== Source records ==
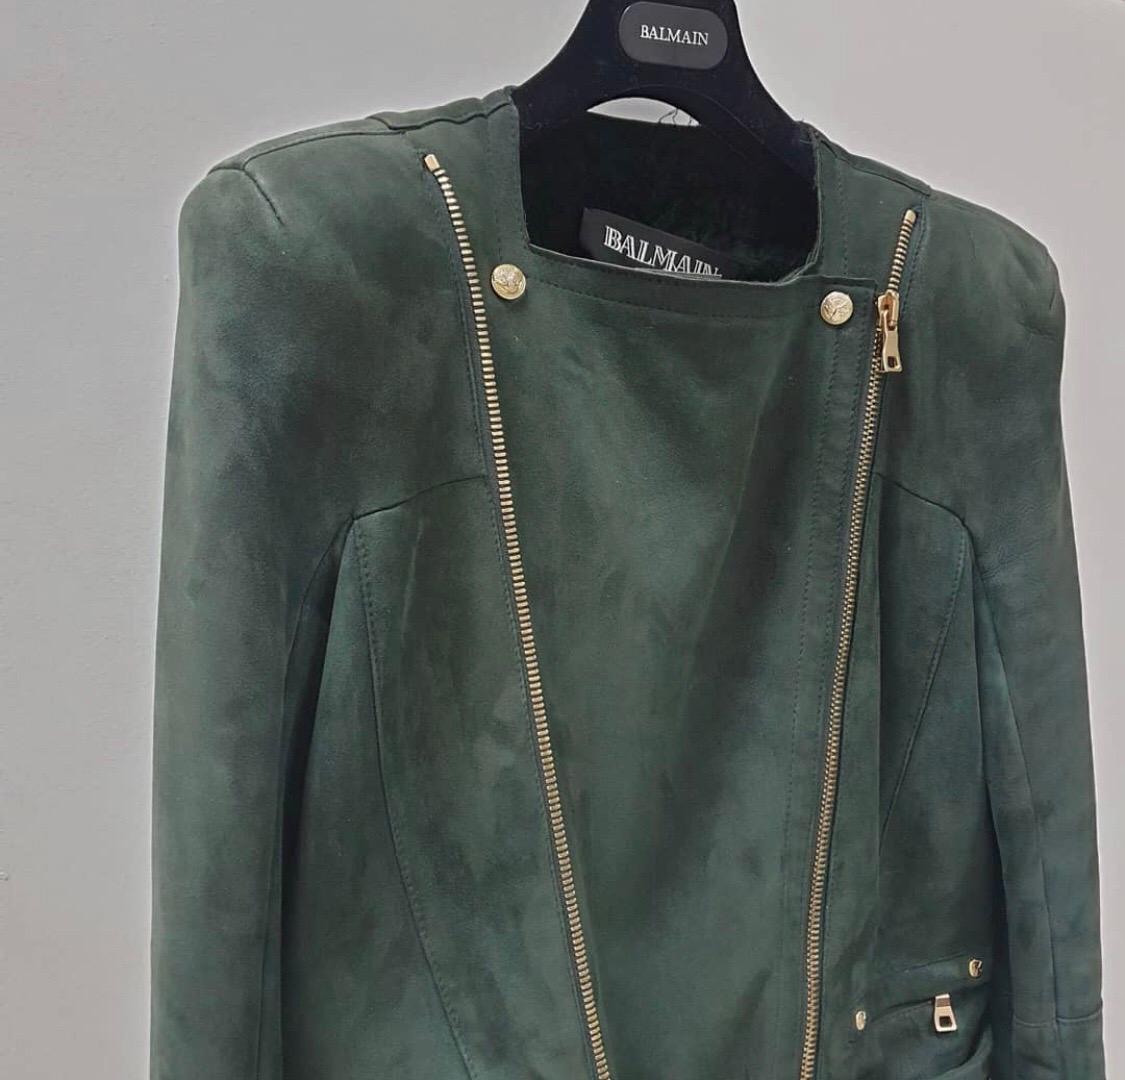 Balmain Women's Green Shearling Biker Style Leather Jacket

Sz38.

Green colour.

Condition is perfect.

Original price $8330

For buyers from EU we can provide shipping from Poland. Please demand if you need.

== INSTRUCTIONS FOR THE TASK ==
Could you repeat all of the entries exactly, without any of the images?

== ANSWER BELOW ==
 Balmain Women's Green Shearling Biker Style Leather Jacket

Sz38.

Green colour.

Condition is perfect.

Original price $8330

For buyers from EU we can provide shipping from Poland. Please demand if you need.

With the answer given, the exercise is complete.